** Data **

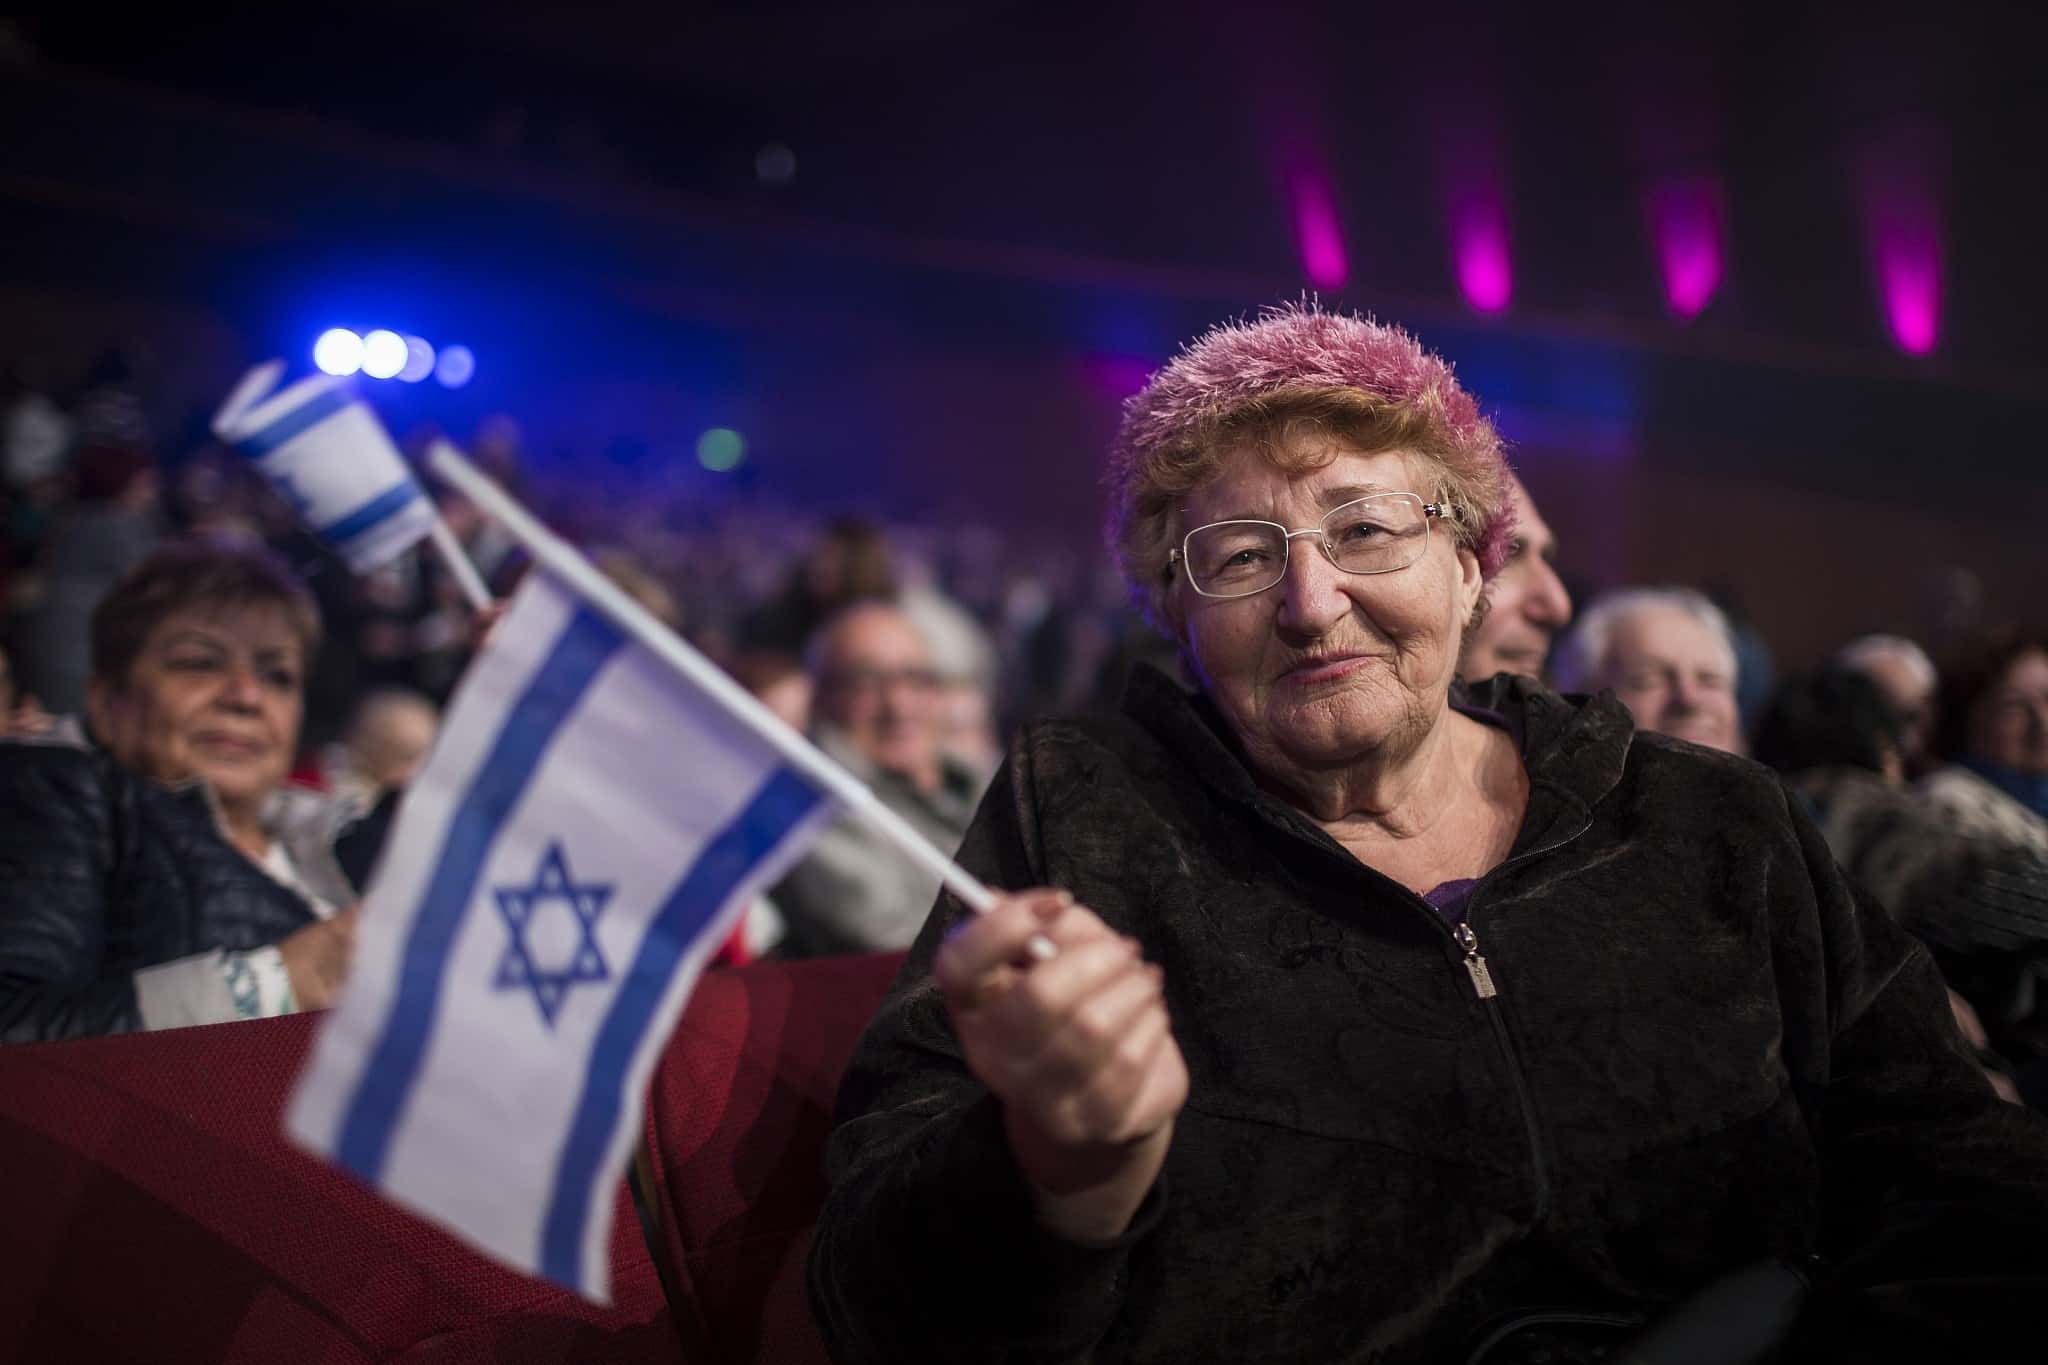 כנס עולים בירושלים לציון 25 שנות עלייה, 2015 (צילום: הדס פרוש/פלאש 90)
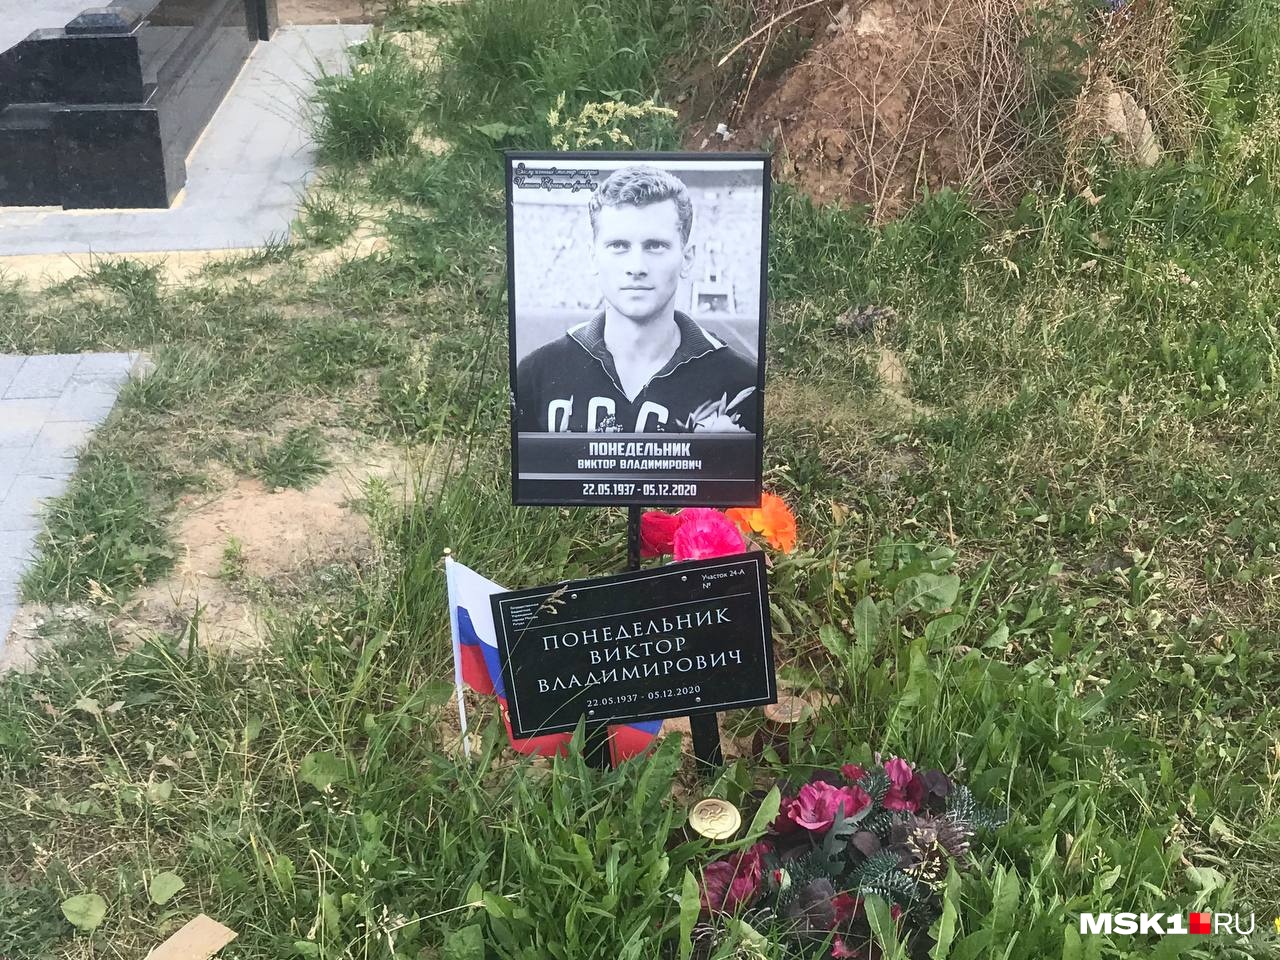 В этот день стало известно, что Шатунова похоронят по соседству со знаменитыми советскими футболистами. Виктор Понедельник — автор решающего гола в финале Евро-1960, который выиграла сборная СССР
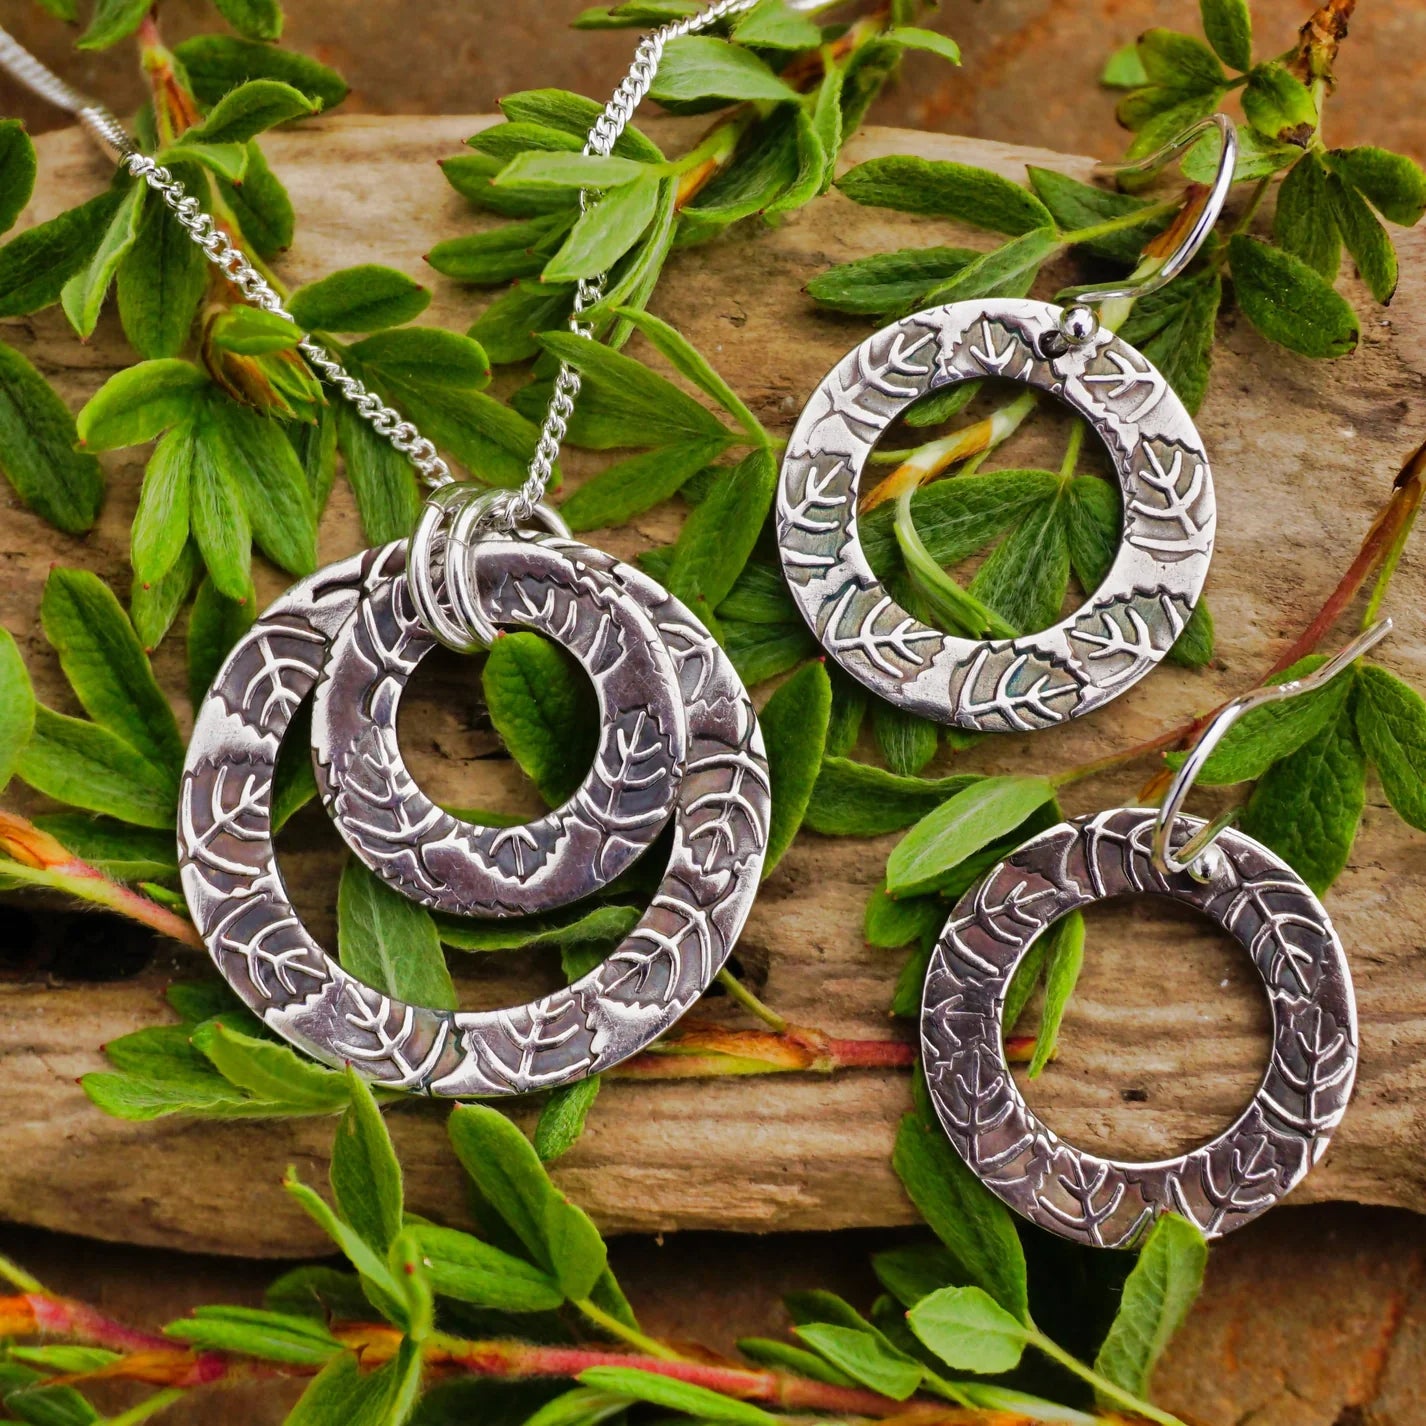 Leaves on Rings Pendant on Chain - Drift Designs
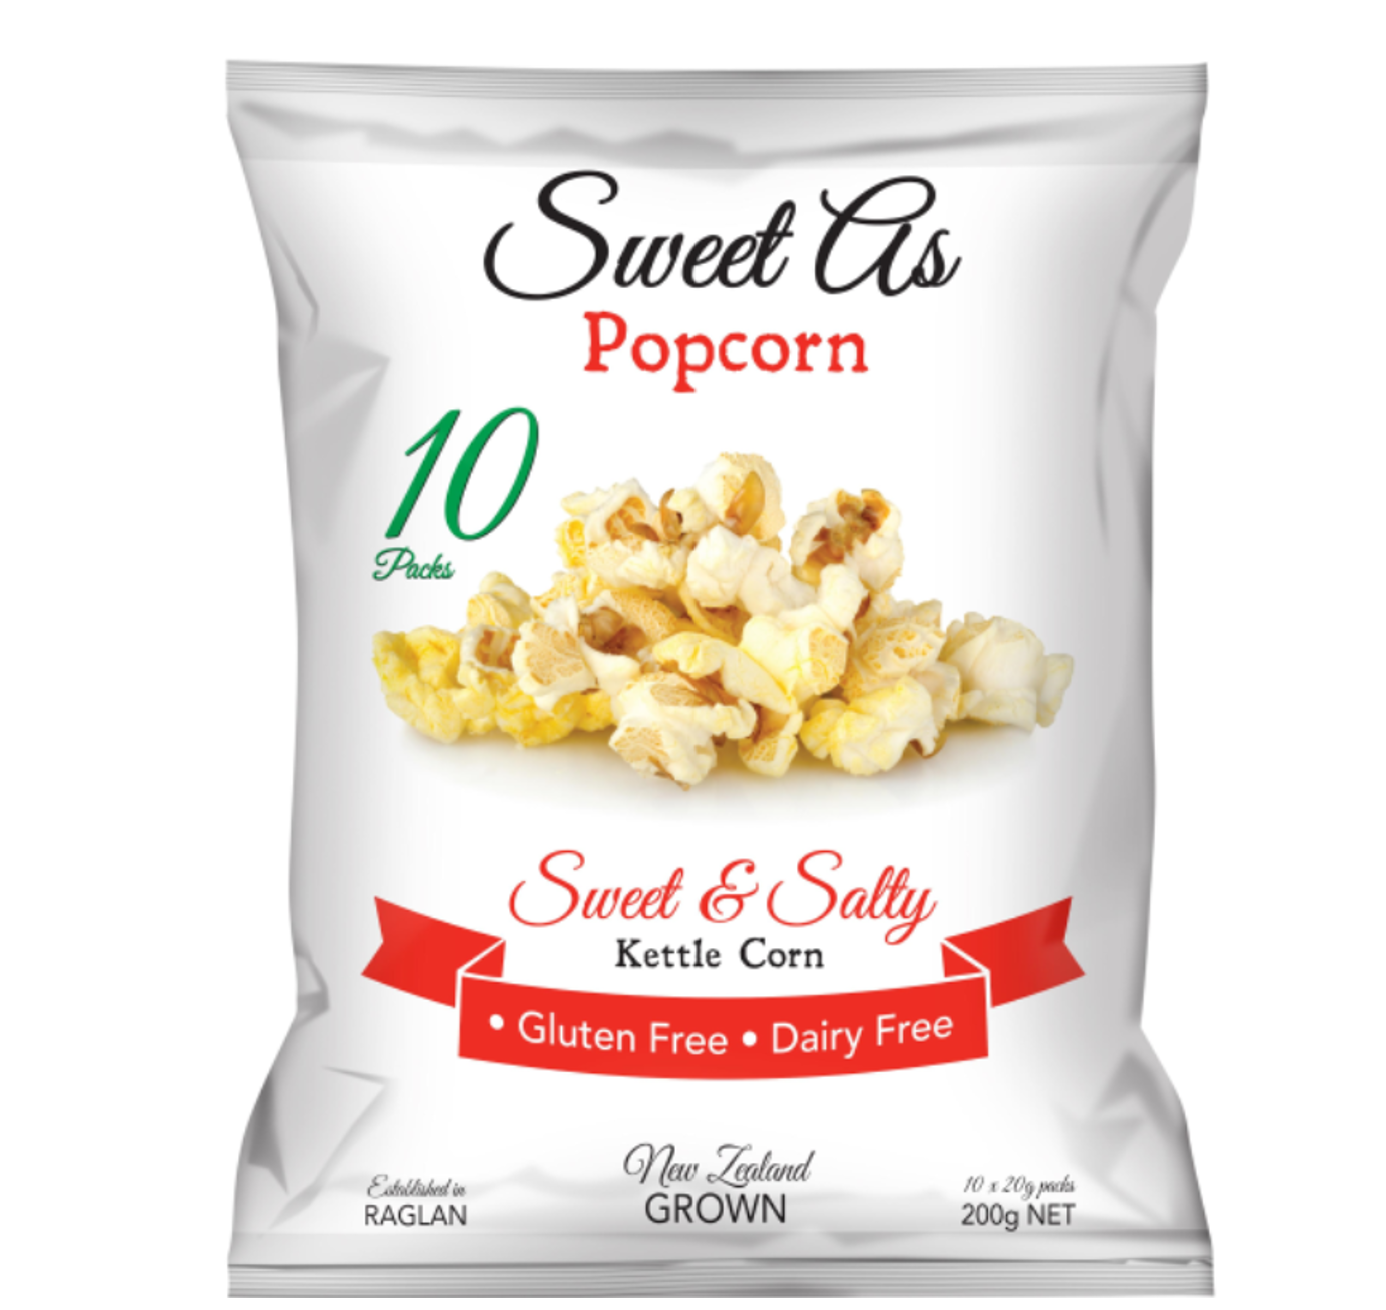 Sweet As Sweet & Salty Kettle Corn Popcorn 10pk 200g

** Exercise brief **
Starting with the line that contains "В этот день", repeat each line exactly through the last line of the data above, and nothing more; the pictures stay out.

** Response box **
 В этот день стало известно, что Шатунова похоронят по соседству со знаменитыми советскими футболистами. Виктор Понедельник — автор решающего гола в финале Евро-1960, который выиграла сборная СССР
 Leaves on Rings Pendant on Chain - Drift Designs
 Sweet As Sweet & Salty Kettle Corn Popcorn 10pk 200g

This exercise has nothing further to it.